Cores are groups of validators that process work items in parallel, one cycle at a time. Raw input data gets refined into a useful output!
The shared memory is substituted by a data availability layer that acts as shared storage that all cores can read from.
The integration of results is performed in the accumulate step: results of computations in individual cores are gathered as they become available.

And there you go! Pretty elegant, right?

A man with an expression of pure ecstasy — Woooow!

Now let’s see how this all plays out in practice during a JAM cycle.

Step by Step JAM

The consensus algorithm, ELVES, runs in cycles. This, we already know. Therefore, what we’re about to describe is a single cycle!

When a core receives a work package for a Service, the first thing it does is run what’s called an authorizer. It’s nothing more than the core asking: can this work be executed? The conditions to be checked here may vary — for instance, we might want to check that the corresponding Coretime has been paid for.

Once a work package is authorized, the next thing the cycle does is call the refine function — remember, this is where the raw data gets processed. Work packages are bundles of work items, and the latter are what really gets executed.

Think of it as being an overarching program, and its individual steps.
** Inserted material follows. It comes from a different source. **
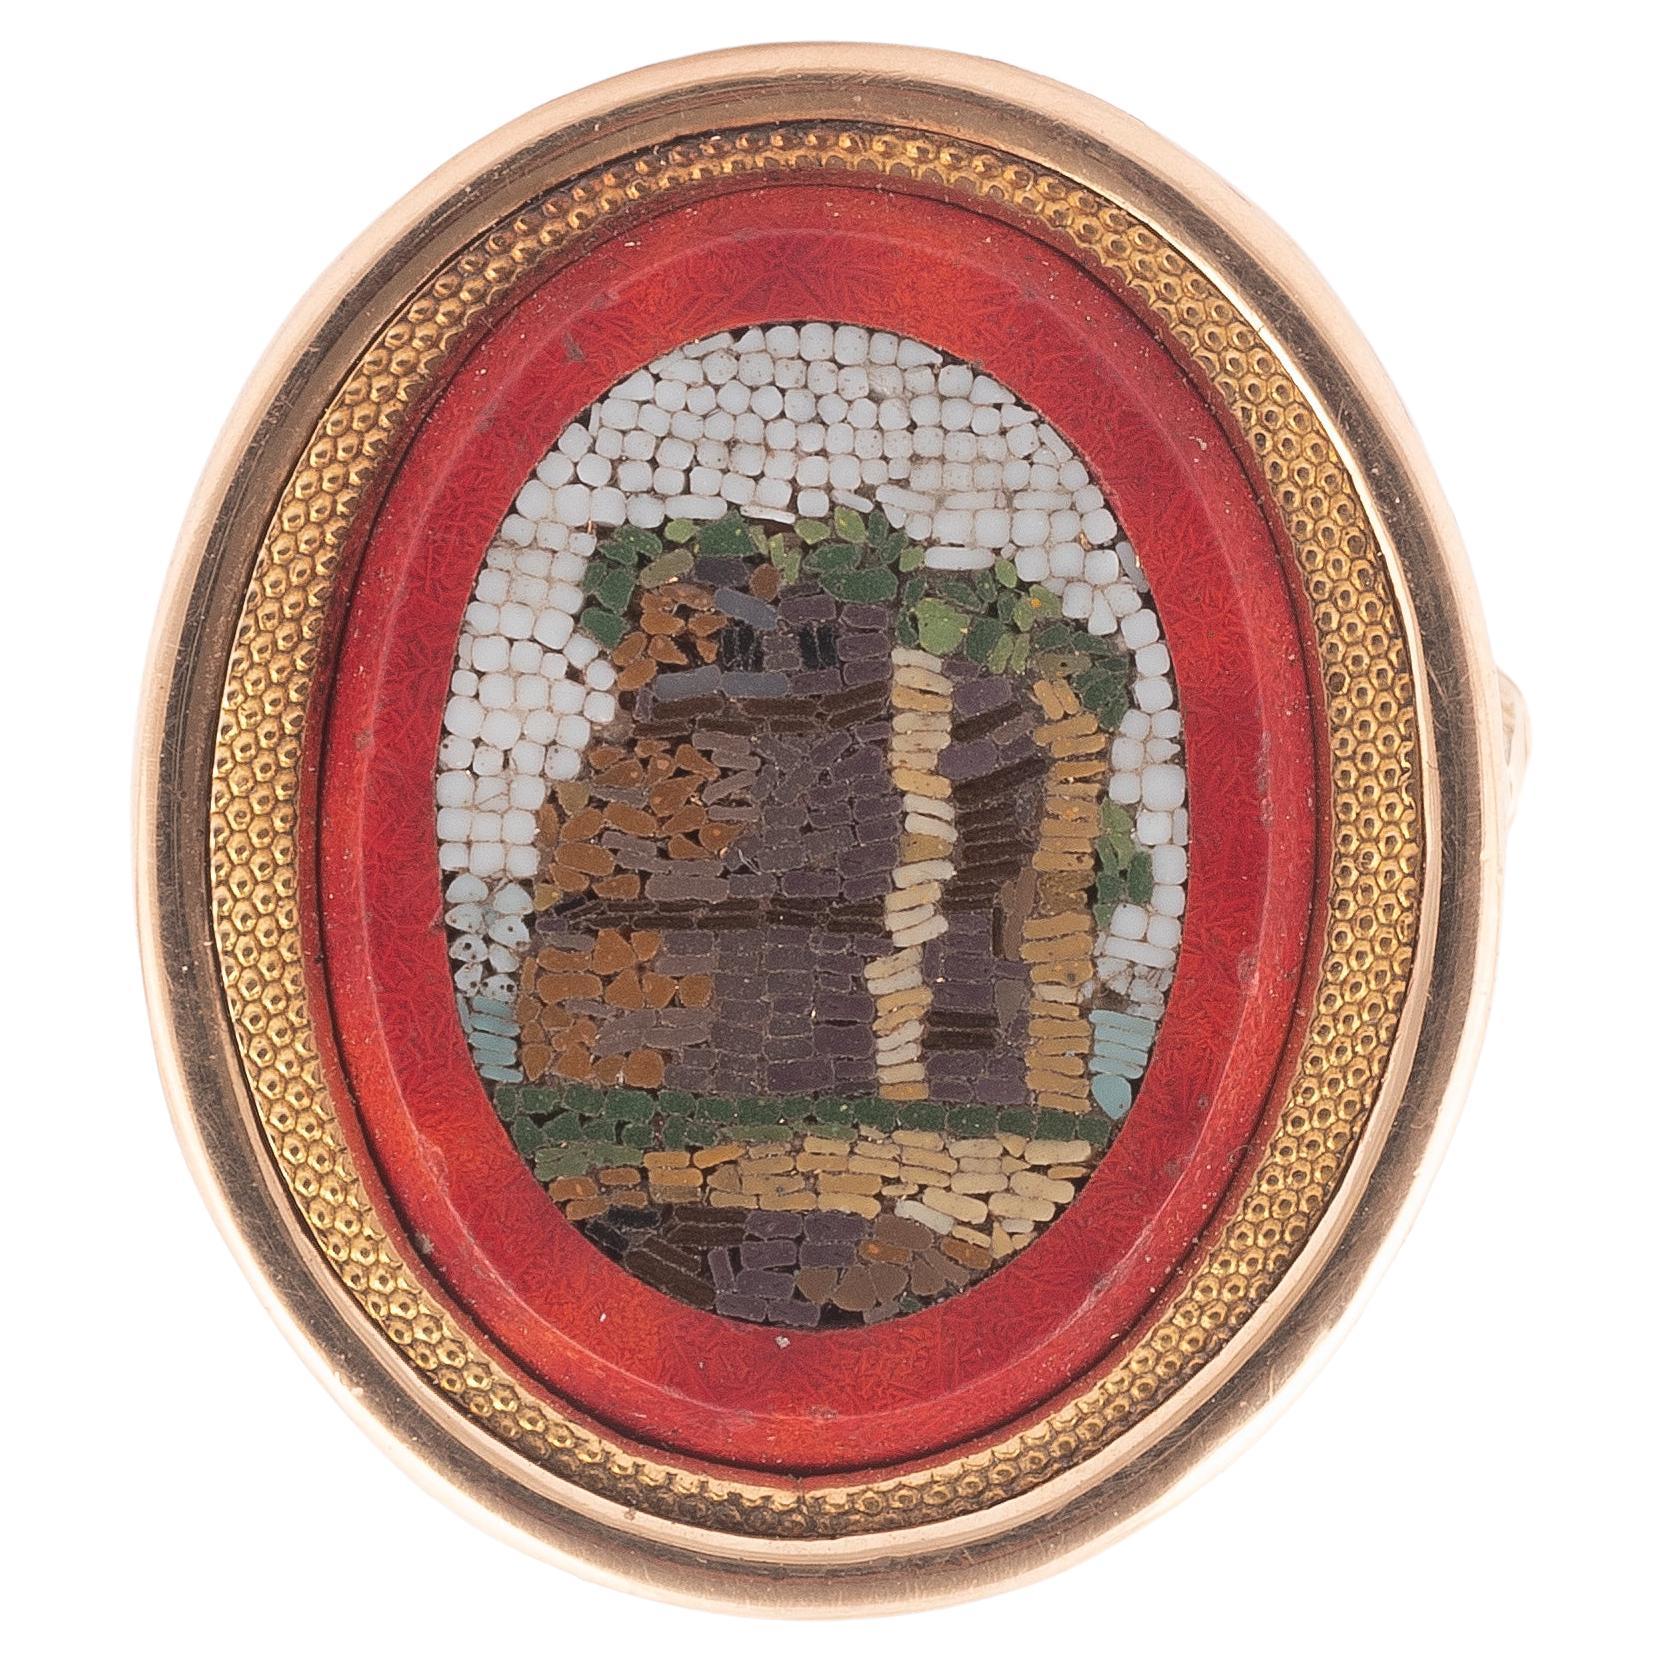 The oval panel inlaid with an oval micromosaic, depicting a classical architectural scene, yellow precious metal mounted, ring size 7.

This refine activity, as we previously mentioned, is stateless. Data goes in, some computations are performed, data is spit out, and that’s it.

A drawing of a production line suddenly producing a circle instead of a square

Next up, the output from refine needs to be made available to the rest of the network. Data gets encoded into Reed-Solomon codewords, and distributed across validators for data availability.

I’ve already discussed erasure coding in previous articles. It’s quite interesting on its own, so I recommend giving it a read if you haven’t already!

And lastly, work items processed in parallel get consolidated in the accumulate phase, where validators read results from this shared data layer, and verify what work has been finished.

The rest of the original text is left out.